Santam and the South African Weather Service (SAWS) have launched a partnership to strengthen the country’s early warning and forecasting capabilities, with nine new automatic weather stations now installed across the country.
The stations are already operational and integrated into the SAWS observation network, supplying real-time data to improve weather monitoring and forecasting.
Four of the AWS units were piloted in Limpopo and Mpumalanga between 2021 and 2022, with five additional stations recently commissioned in KwaZulu-Natal, Eastern Cape, Western Cape, and Gauteng.
Site selection was driven by identified gaps in weather observation, particularly in regions exposed to severe rainfall, flooding, and other disruptive weather events. These include parts of the eastern seaboard – from the Eastern Cape through KwaZulu-Natal and into Mpumalanga and Limpopo – as well as areas in the Western Cape and Gauteng.
The initiative forms part of a broader collaboration aimed at expanding observation infrastructure, improving public awareness, and supporting the SAWS’s mandate to issue severe weather warnings.
Santam said the partnership is intended to strengthen disaster risk management by improving the accuracy, reach, and timeliness of early warnings.
Santam group chief executive Tavaziva Madzinga said enhancing the SAWS’s capabilities would help ensure that warnings are “accessible, credible, and localised so that South Africans can act before weather hazards escalate into disasters”.
He added: “Simply put, early warning enables early action. If people delay travel, secure property, move vehicles, or protect agricultural assets based on credible early warnings, exposure is reduced and losses are minimised.”
The SAWS described the partnership as a practical example of public-private collaboration to strengthen the country’s weather infrastructure.
SAWS acting chief executive Jonas Mphepya said the additional stations would reinforce the agency’s observation network at a time when severe weather events are becoming more frequent and intense.
Rising risks, growing costs
The partnership comes amid increasing climate-related risks and mounting economic losses.
Data cited by Santam shows that global disaster costs have risen sharply, with annual losses increasing from about US$70 billion to US$80 billion between 1970 and 2000 to roughly US$180bn to US$200bn between 2001 and 2020. More recent estimates suggest total losses now exceed US$2 trillion annually when broader impacts are included.
In South Africa, the financial impact is also significant. The 2022 floods in KwaZulu-Natal alone caused more than R50bn in damage.
In this context, early warning systems are increasingly seen as a critical – and cost-effective – tool for reducing risk.

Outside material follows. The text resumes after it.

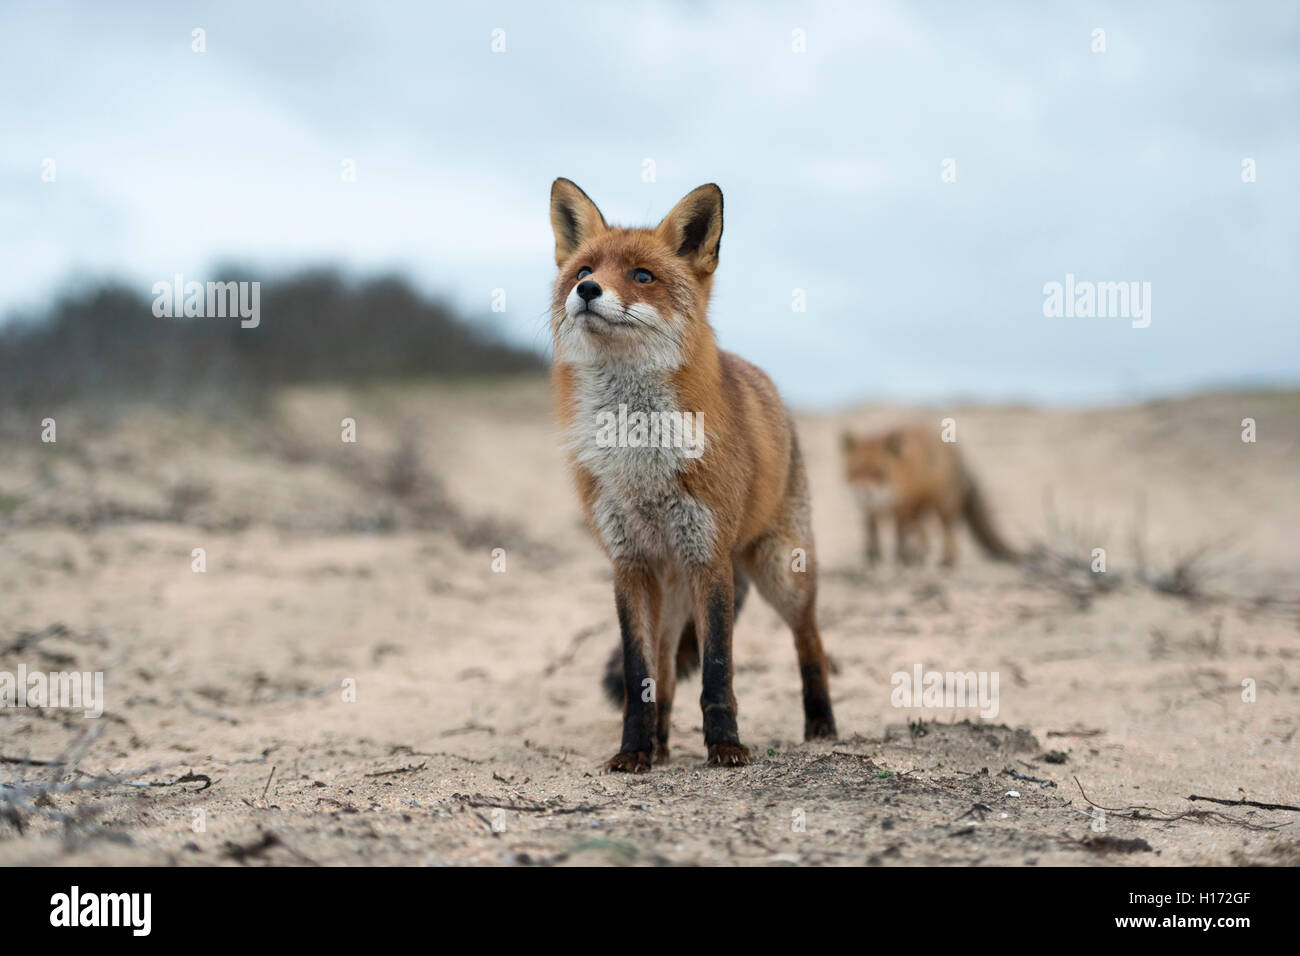 Red Foxes / Rotfuchs ( Vulpes vulpes ) standing on a sandy path, in nice winter fur, funny close-up from a low point of view. Stock Photo

Despite this, gaps remain in South Africa’s weather observation network, limiting the ability to provide accurate, localised warnings in some regions.
From infrastructure to awareness
Beyond expanding infrastructure, the partnership includes a focus on public awareness and education.
Santam said it works with municipalities, schools, and community organisations to improve understanding of weather warnings and how people should respond. This includes targeted campaigns, school-based programmes, and community radio initiatives in high-risk areas.
The collaboration also aligns with South Africa’s commitments under the Sendai Framework for Disaster Risk Reduction and the United Nations’ Early Warnings for All initiative, which aims to ensure universal access to early warning systems by 2027.
Santam and the SAWS are now formalising the partnership to support further investment in weather observation systems and capacity-building initiatives.
Madzinga said the objective is to build resilience to increasingly severe weather events, adding that strengthening early warning systems ultimately benefits communities, businesses, and the broader economy.